* **Your goal**: Reproduce every line of the material below, but drop the pictures.

* **Input data**:
================================
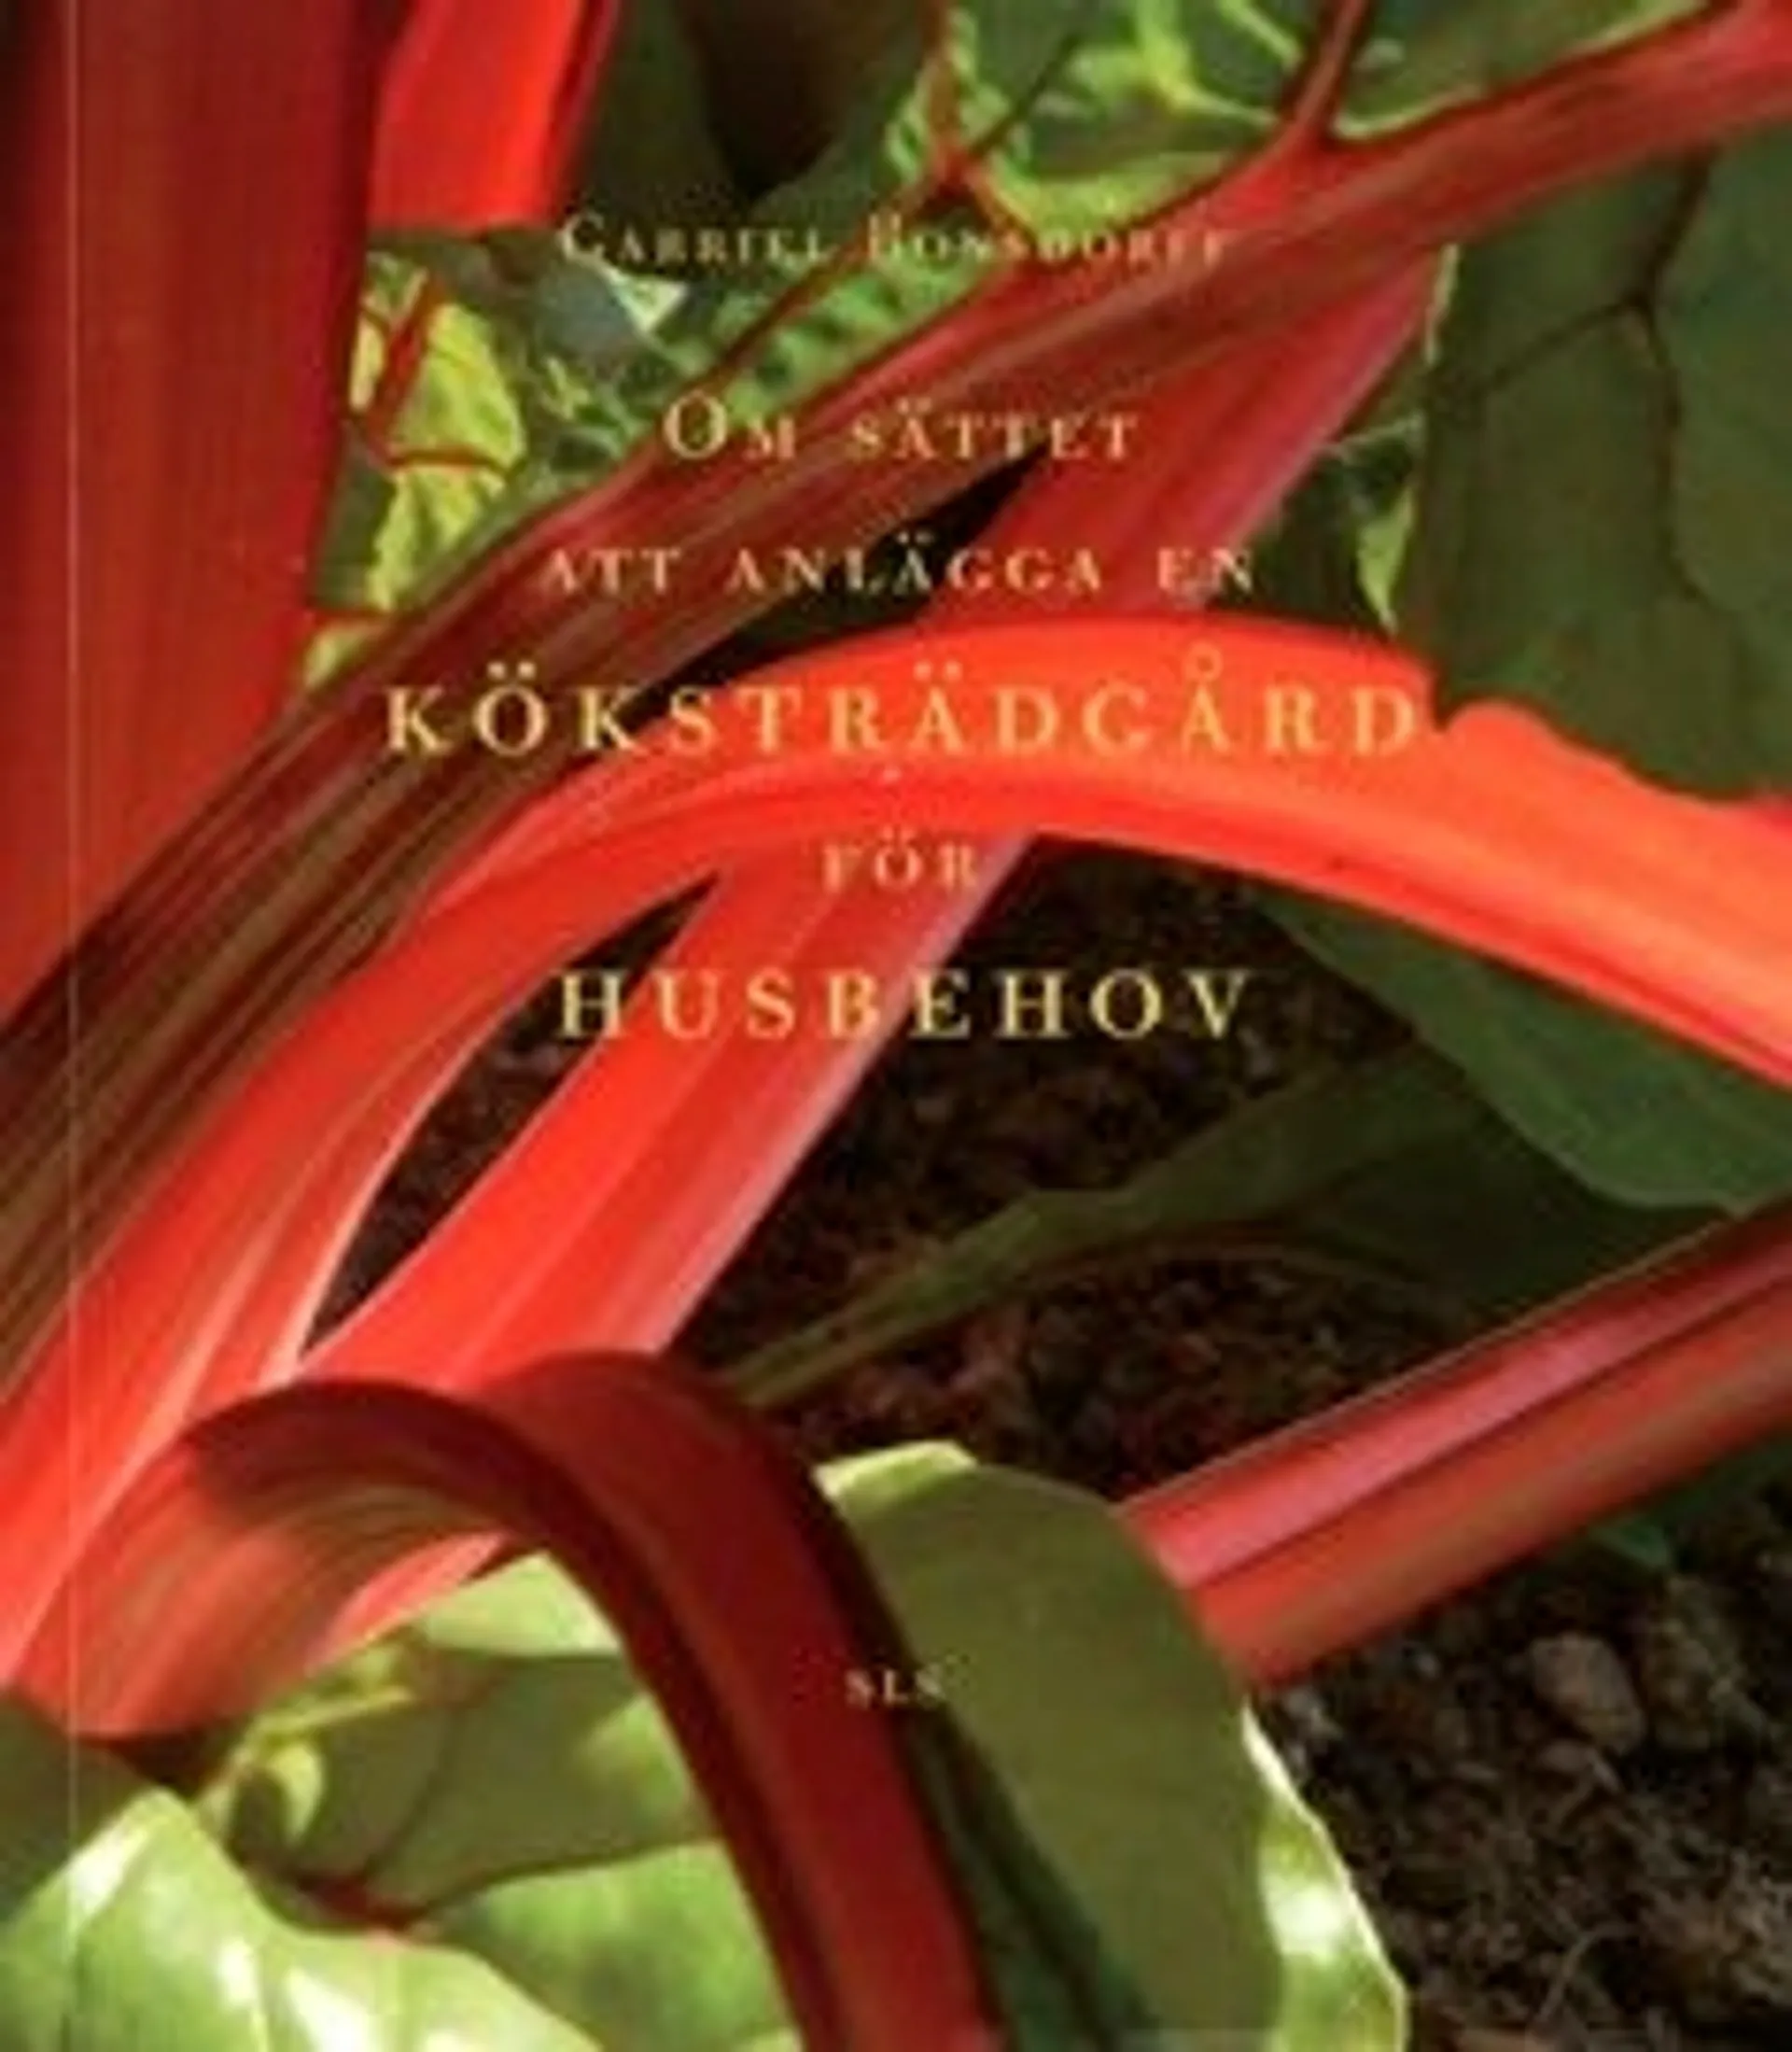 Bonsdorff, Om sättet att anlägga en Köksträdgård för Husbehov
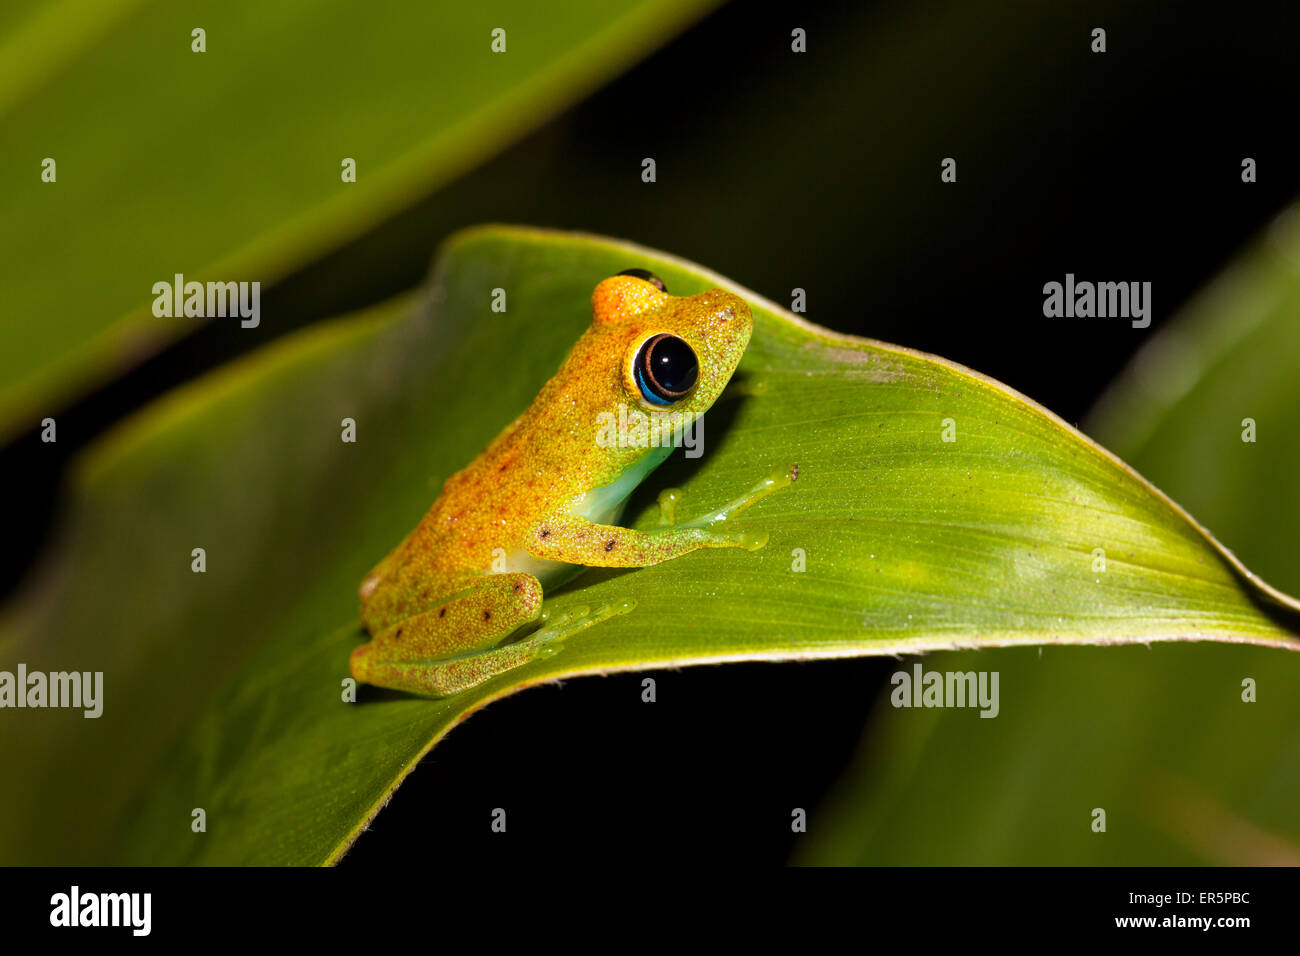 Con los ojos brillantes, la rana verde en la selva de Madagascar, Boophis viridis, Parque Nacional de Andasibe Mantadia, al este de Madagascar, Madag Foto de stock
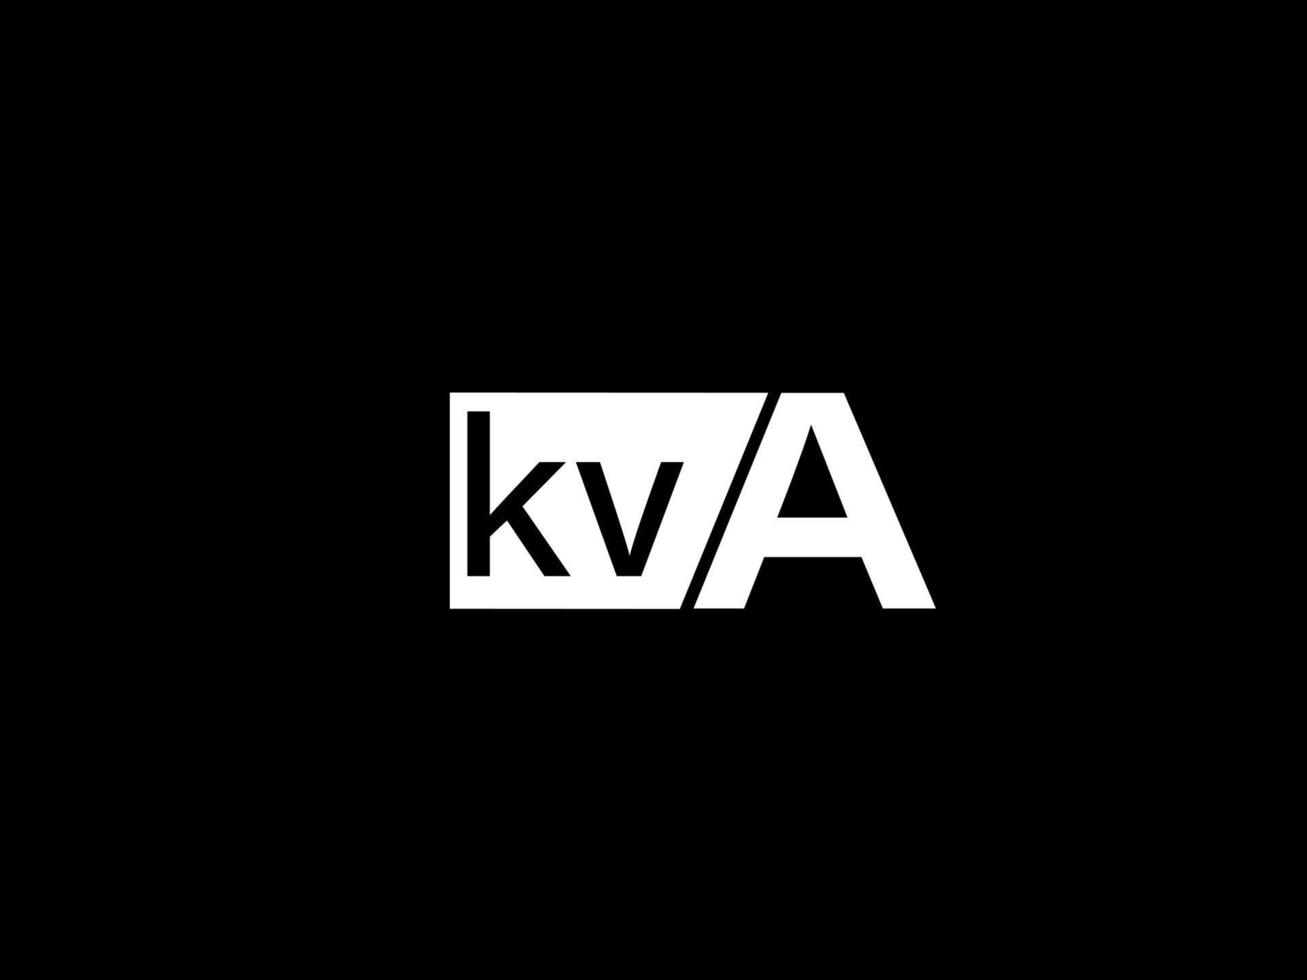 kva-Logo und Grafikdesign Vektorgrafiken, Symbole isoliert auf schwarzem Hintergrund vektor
================================
* **Solution for this exercise**:
 Bonsdorff, Om sättet att anlägga en Köksträdgård för Husbehov
 Con los ojos brillantes, la rana verde en la selva de Madagascar, Boophis viridis, Parque Nacional de Andasibe Mantadia, al este de Madagascar, Madag Foto de stock
 kva-Logo und Grafikdesign Vektorgrafiken, Symbole isoliert auf schwarzem Hintergrund vektor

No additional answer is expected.